● RECORDED INFORMATION:
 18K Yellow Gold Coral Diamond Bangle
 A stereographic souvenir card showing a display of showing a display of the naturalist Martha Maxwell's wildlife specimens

--

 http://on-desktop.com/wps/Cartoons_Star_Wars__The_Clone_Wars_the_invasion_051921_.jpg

● WHAT YOU WILL DO:
The required answer is the exact run of lines above starting at the line with "18K Yellow Gold Coral Diamond Bangle" and ending at the line with "A stereographic souvenir", with both ends present.

● OUTPUT BELOW:
 18K Yellow Gold Coral Diamond Bangle
 A stereographic souvenir card showing a display of showing a display of the naturalist Martha Maxwell's wildlife specimens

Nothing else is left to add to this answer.